Sunday, August 14, 2011

Counting down

Ten days from today, I will begin the meetings, in services, and advising sessions that precede the start of classes.  Classes officially begin on August 30, which seems very late to this former high school teacher, but the date stares me in the face with the force of...I don't know what.  I'm really excited about my classes, and also terrified.  Not terrified of the students - I might feel better once I see them face to face.  Terrified because there is so much to do to prepare and I'm not making the progress I'd like to and I don't know how I will ever keep up once school begins.

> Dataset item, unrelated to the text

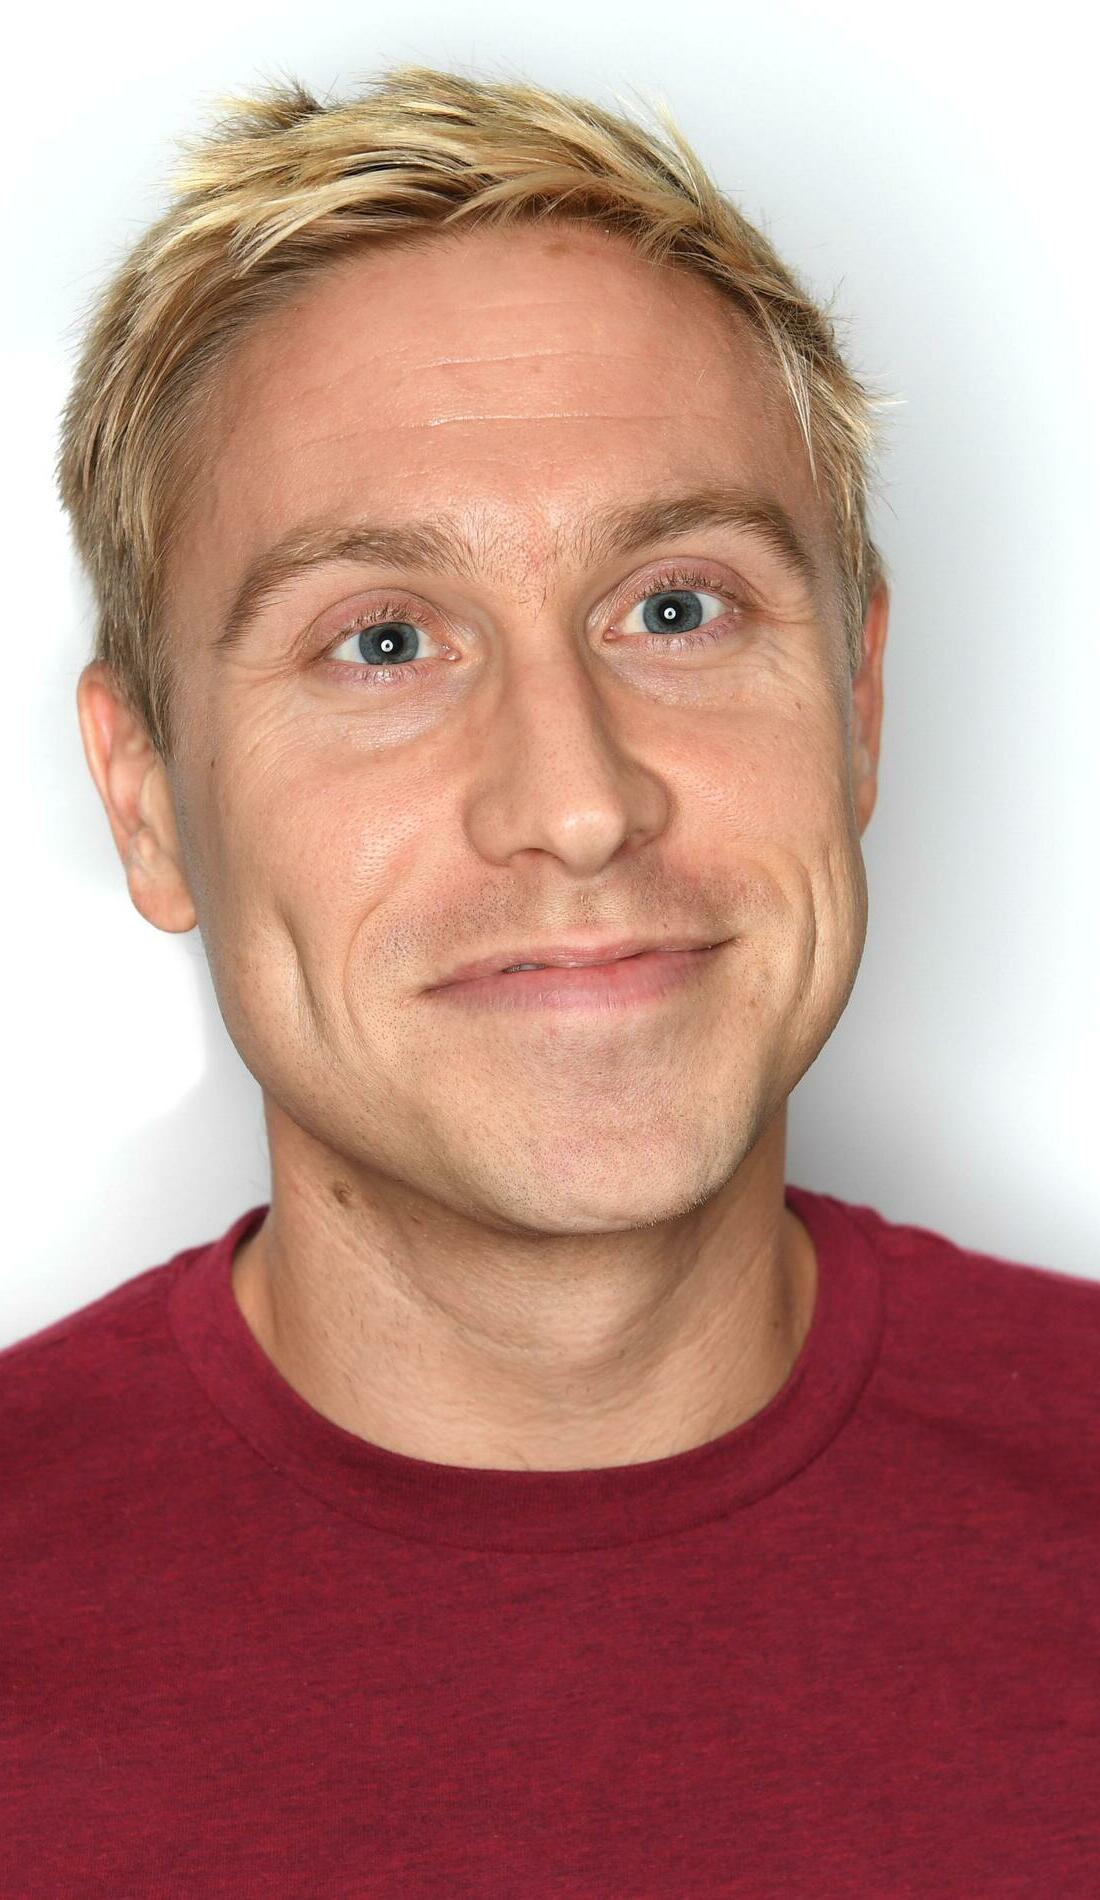 A Russell Howard live event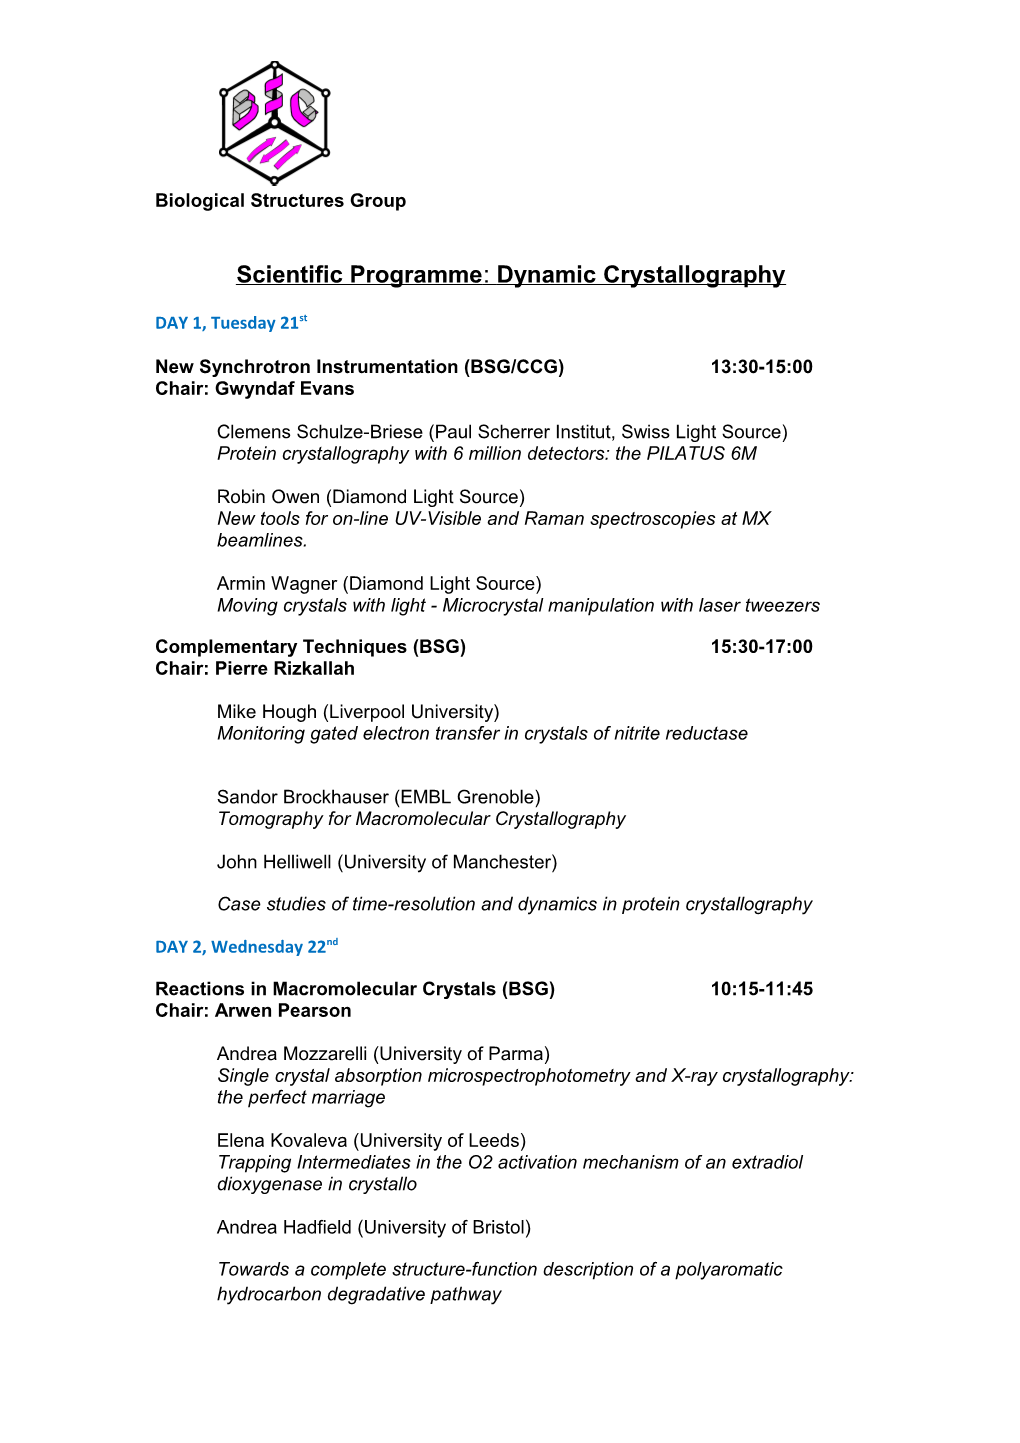 Scientific Programme: Dynamic Crystallography

I've been reading the texts for the courses as I prepare the lessons, and have been fascinated by them.  Some of the texts I read as a grad student, and so they are quite invigorating to re-read with the perspective of 13 years experience behind me.  Some of the texts are new - either unassigned in my grad program or assigned but never quite read.  (Students are students no matter what level of education!)

A text I finished yesterday is A Map of Life by Frank Sheed.  I've read two of Sheed's other works:  Theology for Beginners  was the first book that ever explained to me the teachings of the Catholic Church, and To Know Christ Jesus beautifully tells the story of Jesus in a way that helped me not just know about Him, but know Him.  So when I learned that Map is a required text for one of my classes, I eagerly picked it up.  My students have to write a reflection on it; here's an abbreviated rough draft of my own.

In A Map of Life (aptly subtitled "A Simple Study of the Catholic Faith"), Sheed seeks to explain the most fundamental truths of the Faith from the perspective that Heaven is our destination, and the Faith is our road map for how to get there.  He explains that God made each of us for Heaven, but that we cannot get there on our own power.  We need God to show us the way to go, and to give us the power to get there.  When Jesus says, "I am the Way, the Truth, and the Life," He is telling us that He is fulfilling what we need Him to do.  Sheed then goes on to marvelously explain the tenets of the Catholic Faith in light of that reality.

One of the parts that struck me most was the discussion of how supernatural Life comes into the soul.  Sheed reminds the reader that this is sheer grace, total gift from God, not earned by us but given in love by Him who loves us infinitely.  He also reminds us that at Baptism, we become members of Christ's body, and Christ's life is given to us.  St. Paul said as much in saying "I live, yet now not I, but Christ lives in me."  Sheed goes on to beautifully explain how prayer directs our lives to God.  But then he pointed out:


Man is not an isolated unit, but a being linked by his very nature to other men.  He owes his coming into existence to a man and a woman; he owes his continuance in existence, the development of his powers of mind and body, the full life of his emotions, to a certain cooperation with others.  If prayer is to be a directing of his life to God, this necessary social element in his nature must not be excluded -- otherwise there would be a whole side of his nature not consecrated to God.  Therefore, not only must he pray for his fellow men, he must from time to time join with them in the worship of God.  

Huh.  I never heard such a clear explanation for the "why" behind the 3rd commandment!  But he goes on:

There is not only a prayer of the individual cell but a prayer of the whole body.  And if for its own individual prayer, the cell uses the life of the whole body, equally it joins in the prayer of the whole body and makes it its own.  [This prayer of the body] must be the prayer of the Head, of him whose Body it is..."Christ ever liveth to make intercession for us."...His intercession for us is not a thing done upon Calvary once and for all, but a continuous thing, a thing that never ceases.  In other words, Christ in heaven is unceasingly making intercession for us.  But the basis of our Lord's intercession is Calvary. ...Therefore, Christ in heaving is continuously offering his own death upon Calvary to his Father on our behalf.  That is the prayer of Christ himself.  The prayer of his Body is an earthly participation in that.  

And after several pages of explanation, he summarizes:


"Our situation as Catholics may be seen in its simplest elements.  By baptism, we are built into the Body of Christ, and as cells in the Body we are able to live with the life of the Body.  The condition of all life in God is prayer: our prayer in the Body culminates in the supreme prayer of the Mass, and from the Mass we receive Christ himself to be the food of our life in the Body.  Communion, then, is God's supreme gift to us upon earth.  Everything in our life is vitalized by it.  Baptism leads up to it, everything else flows from it."


None of this is new information for me.  But a new way of explaining and understanding something always helps me appreciate it more.  So I carried it with me, in my mind and in my heart, to Mass this morning.  And somehow, I experienced Mass far more beautifully than I have in quite some time.

A Map of Life is a short book that can be read quickly for information, or slowly for meditation.  I highly recommend it, whether you are Catholic and want a refresher on the faith or non-Catholic and just want a brief overview of what Catholics believe and why.

Meanwhile, please pray for me to make progress on these lesson plans so that I can stay sane this semester!